While this is a legal implementation strategy, this is not what std.Io.Threaded does. By default, it will use a configurably sized thread pool to dispatch async tasks. It can, however, be statically initialized with init_single_threaded in which case it does have the behavior described in the article.

The only other issue I spotted is:

> For that use case, the Io interface provides a separate function, asyncConcurrent() that explicitly asks for the provided function to be run in parallel.

There was a brief moment where we had asyncConcurrent() but it has since been renamed more simply to concurrent().

reply
ethin
24 minutes ago
[-]
One thing the old Zig async/await system theoretically allowed me to do, which I'm not certain how to accomplish with this new io system without manually implementing it myself, is suspend/resume. Where you could suspend the frame of a function and resume it later. I've held off on taking a stab at OS dev in Zig because I was really, really hoping I could take advantage of that neat feature: configure a device or submit a command to a queue, suspend the function that submitted the command, and resume it when an interrupt from the device is received. That was my idea, anyway. Idk if that would play out well in practice, but it was an interesting idea I wanted to try.
reply
NooneAtAll3
20 minutes ago
[-]
what's the point of implementing cooperative "multithreading" (coroutines) with preemptive one (async)?
reply
woodruffw
1 hour ago
[-]
I think this design is very reasonable. However, I find Zig's explanation of it pretty confusing: they've taken pains to emphasize that it solves the function coloring problem, which it doesn't: it pushes I/O into an effect type, which essentially behaves as a token that callers need to retain. This is a form of coloring, albeit one that's much more ergonomic.

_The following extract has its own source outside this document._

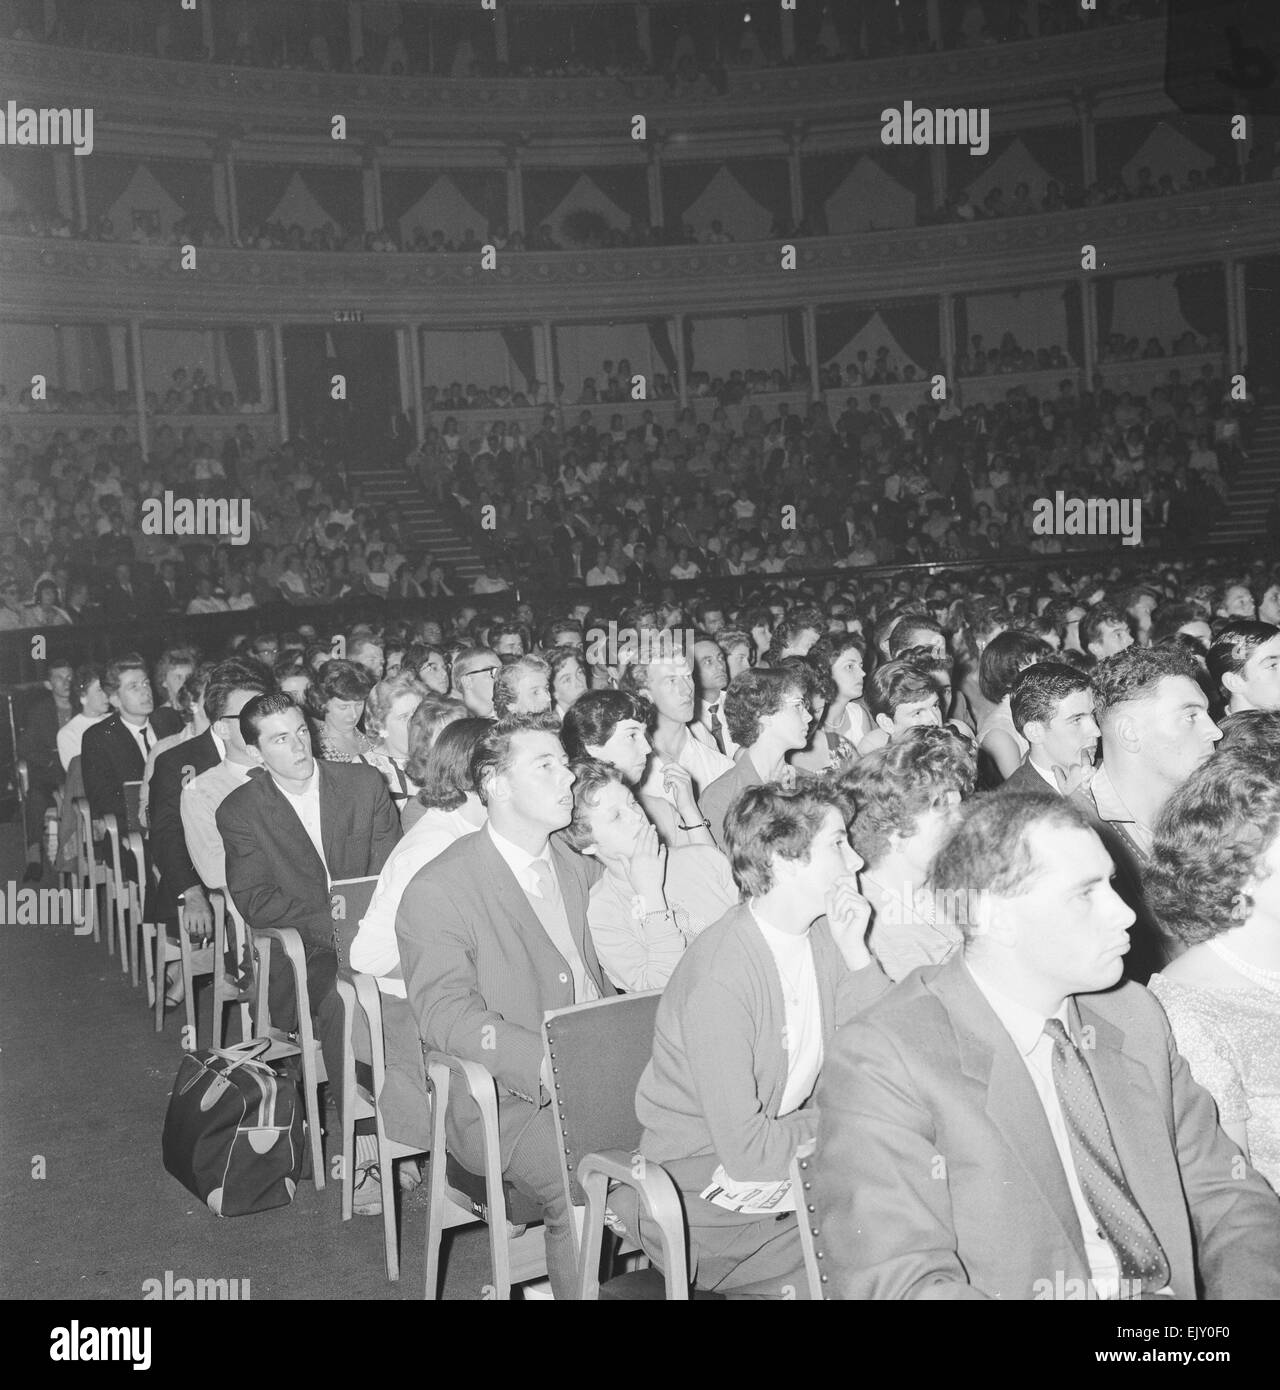 The Great Pop Prom 1959, held at the Royal Albert Hall on Sunday 20th September 1959.    A.k.a.   The Marilyn Roxy Valentine Great Pop Prom Stock Photo

(To my understanding this is pretty similar to how Go solves asynchronicity, expect that in Go's case the "token" is managed by the runtime.)

reply
flohofwoe
1 hour ago
[-]
If calling the same function with a different argument would be considered 'function coloring', every function in a program is 'colored' and the word loses its meaning ;)

Zig actually also had solved the coloring problem in the old and abandondend async-await solution because the compiler simply stamped out a sync- or async-version of the same function based on the calling context (this works because everything is a single compilation unit).

reply
adamwk
37 minutes ago
[-]
The subject of the function coloring article was callback APIs in Node, so an argument you need to pass to your IO functions is very much in the spirit of colored functions and has the same limitations.
reply
jakelazaroff
32 minutes ago
[-]
In Zig's case you pass the argument whether or not it's asynchronous, though. The caller controls the behavior, not the function being called.
reply
woodruffw
1 hour ago
[-]
> If calling the same function with a different argument would be considered 'function coloring', than every function in a program is 'colored' and the word loses its meaning ;)

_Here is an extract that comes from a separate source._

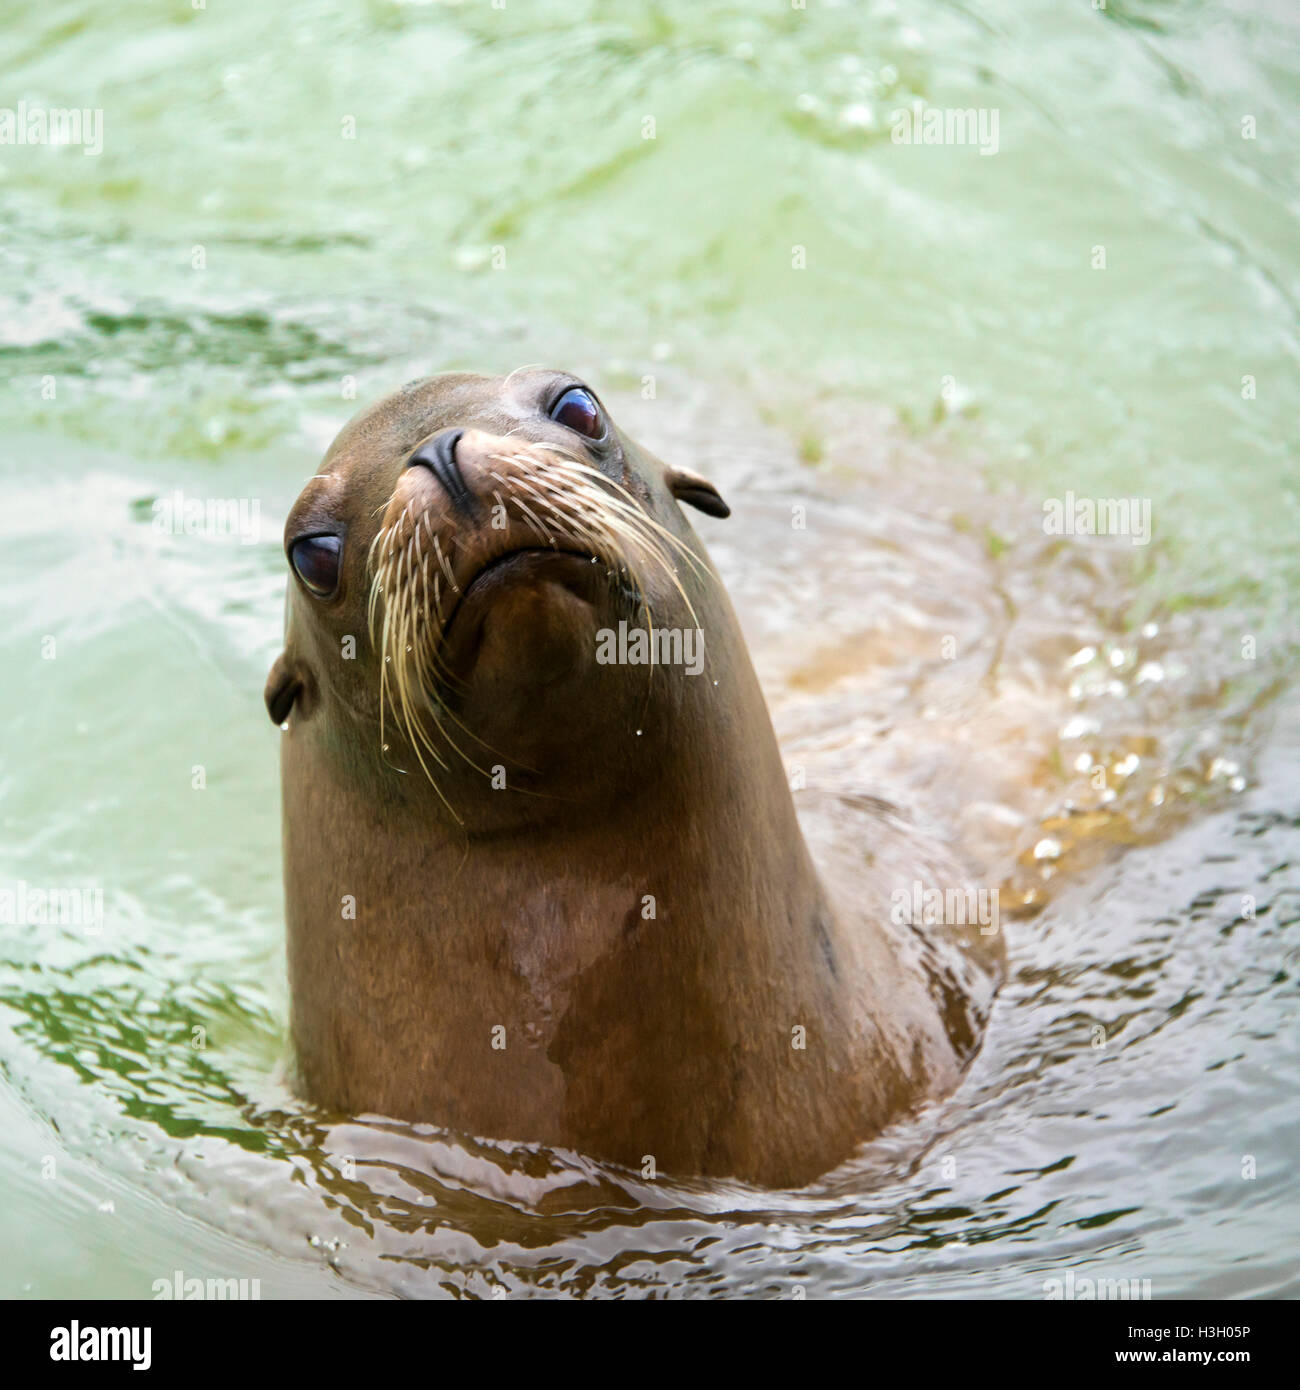 Square close up of a fully grown female Californian seal lion. Stock Photo

Well, yes, but in this case the colors (= effects) are actually important. The implications of passing an effect through a system are nontrivial, which is why some languages choose to promote that effect to syntax (Rust) and others choose to make it a latent invariant (Java, with runtime exceptions). Zig chooses another path not unlike Haskell's IO.

reply
jcranmer
50 minutes ago
[-]
> If calling the same function with a different argument would be considered 'function coloring', than every function in a program is 'colored' and the word loses its meaning ;)

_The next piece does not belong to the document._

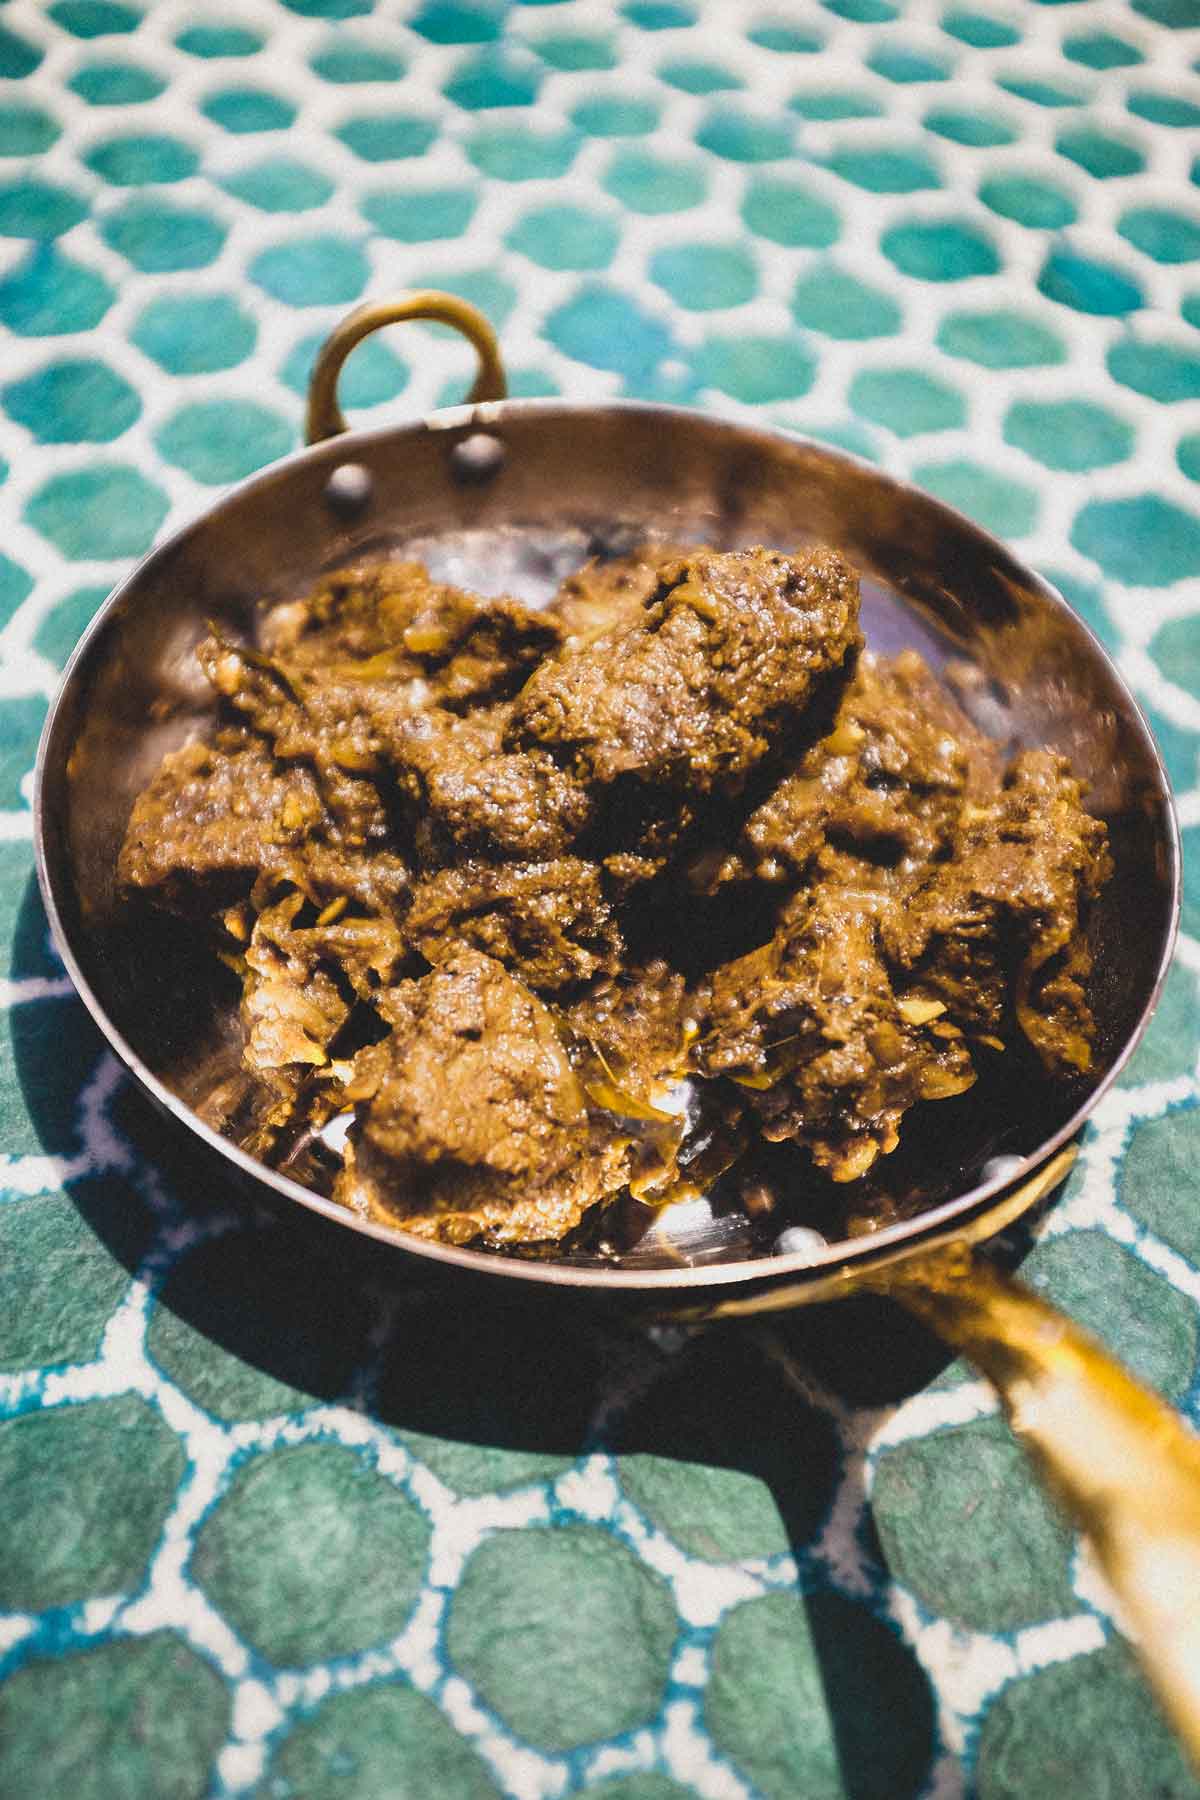 A small copper balti pan holds a portion of Indian Beef Balti

I mean, the concept of "function coloring" in the first place is itself an artificial distinction invented to complain about the incongruent methods of dealing with "do I/O immediately" versus "tell me when the I/O is done"--two methods of I/O that are so very different that it really requires very different designs of your application on top of those I/O methods: in a sync I/O case, I'm going to design my parser to output a DOM because there's little benefit to not doing so; in an async I/O case, I'm instead going to have a streaming API.

I'm still somewhat surprised that "function coloring" has become the default lens to understand the semantics of async, because it's a rather big misdirection from the fundamental tradeoffs of different implementation designs.

reply
rowanG077
1 hour ago
[-]
If your functions suddenly requires (currently)unconstructable instance "Magic" which you now have to pass in from somewhere top level, that indeed suffers from the same issue as async/await. Aka function coloring.

But most functions don't. They require some POD or float, string or whatever that can be easily and cheaply constructed in place.

reply
doyougnu
50 minutes ago
[-]
Agreed. the Haskeller in me screams "You've just implemented the IO monad without language support".
reply
dundarious
1 hour ago
[-]
There is a token you must pass around, sure, but because you use the same token for both async and sync code, I think analogizing with the typical async function color problem is incorrect.
reply
jayd16
1 hour ago
[-]
Actually it seems like they just colored everything async and you pick whether you have worker threads or not.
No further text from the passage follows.